Battery replacement costs remain extreme: $12,000-$22,000 for most models, according to Recurrent Auto. NMC-chemistry packs (used in most 2023 non-Tesla EVs) degrade faster than the LFP cells Tesla switched to in the Standard Range Model 3 and Model Y, so not all lease returns are equal. Most manufacturer battery warranties cover 8 years or 100,000 miles, meaning a 2023 lease return still has five years of coverage. But a buyer planning to keep the car for seven or eight years faces an unwarrantied replacement that could erase the entire TCO advantage. Until third-party battery replacement drops below $5,000 (projected for 2029-2030 by BloombergNEF), this risk is real and unhedged.

There is also the charging infrastructure gap. Roughly 70% of EV owners charge at home, which works for homeowners with garages but excludes the apartment dwellers and renters who disproportionately shop the used market. Public charger reliability remains poor: the most recent J.D. Power study found 21% of DC fast charging sessions failed, and Level 2 networks average 7-12% downtime. A $25,000 used EV is a bad deal if you cannot charge it reliably.

The Hybrid Wildcard

Hybrids are the elephant in the showroom. Sales hit 756,000 units in Q4 2025 alone, up 57% year-over-year, with Toyota capturing 43% of the segment. Hybrids dodge every EV disadvantage: no range anxiety, no charging dependence, no battery replacement risk. This lease-return wave makes used EVs cheaper, but it competes with a hybrid market that offers comparable fuel savings with none of the charging logistics.

Limitations

The 1.03 million figure is an estimate based on a 30% lease penetration rate. In practice, the actual rate may range from 25% to 35%, shifting the pipeline between 860,000 and 1.2 million vehicles. Not all lease returns enter the retail used market; some are re-leased, exported, sent to auction, or absorbed into fleet use. Depreciation assumptions (45-55%) are based on current observed rates, but if battery longevity data improves buyer confidence, residual values could stabilize. Finally, the TCO comparison uses national average energy costs; in states like California ($0.27/kWh) or Hawaii ($0.43/kWh), the electricity cost advantage shrinks considerably.

What You Can Do

If you are shopping for a car in the next two years: Wait for the 2023 lease returns to hit dealer lots in volume (second half of 2026). A three-year-old Tesla Model 3, Hyundai Ioniq 5, or Ford Mustang Mach-E with 30,000-40,000 miles will likely sell for $20,000-$28,000. Check the battery health report (available from Tesla, Recurrent, or a dealer scan) and confirm the 8-year/100K warranty is still active.

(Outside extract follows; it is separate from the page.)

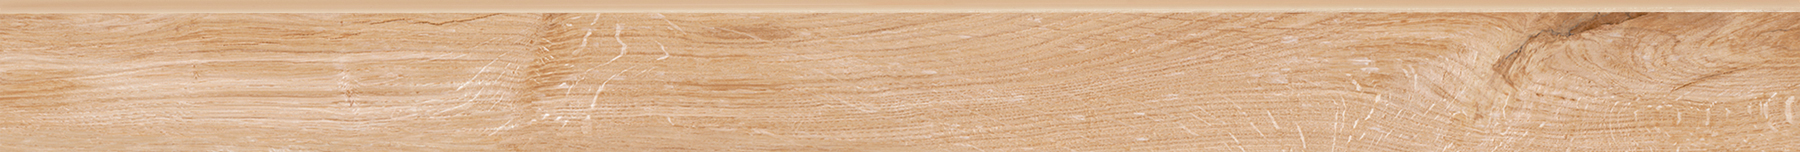 plintus-briccole-wood-beige-skirting image 1

If you own a gas car and drive 12,000+ miles per year: Run the TCO math. With home charging access and a 5+ year ownership horizon, a used EV saves over $13,000. If you drive 6,000 miles, park on the street, and keep cars for 3 years, the savings evaporate. Break-even: roughly 10,000 miles/year with home charging.

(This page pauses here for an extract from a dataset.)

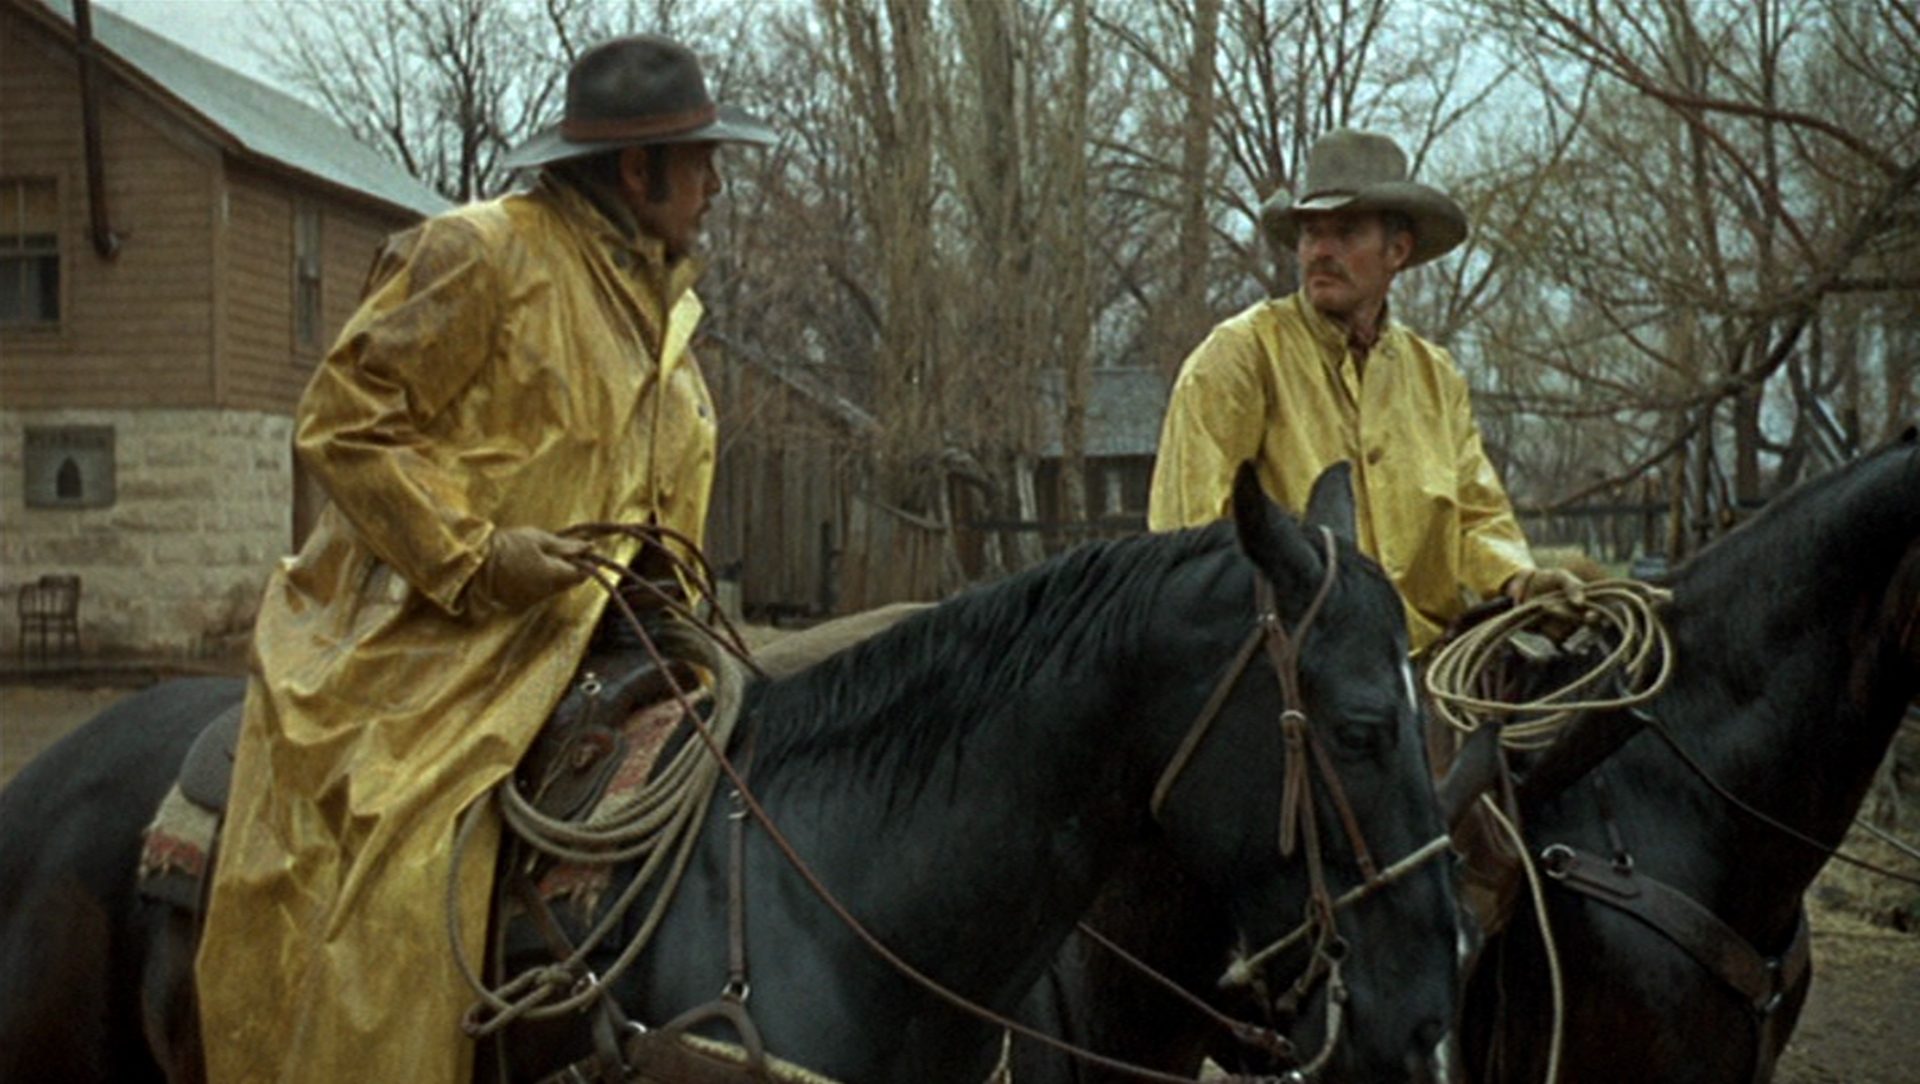 Will Penny im Gespräch mit einem Rancharbeiter zu Pferd in Regenjacken.

If you are a dealer: Invest in EV inspection capability now. Battery health diagnostics, charge port testing, clear warranty communication. Dealers who treat returned EVs like any other off-lease vehicle will price them wrong in both directions.

The Bottom Line

The federal EV tax credit spent $7,500 per vehicle trying to make new electric cars competitive at the dealership. It worked, sort of, while it lasted. But 70% of American car buyers shop used. They always have. Its most lasting effect was not the new cars it subsidized. It was the million-plus lease originations it incentivized, vehicles now returning to the market at prices gas cars cannot match. The used EV market did not need a tax credit. It needed inventory. It is about to get more than it has ever had.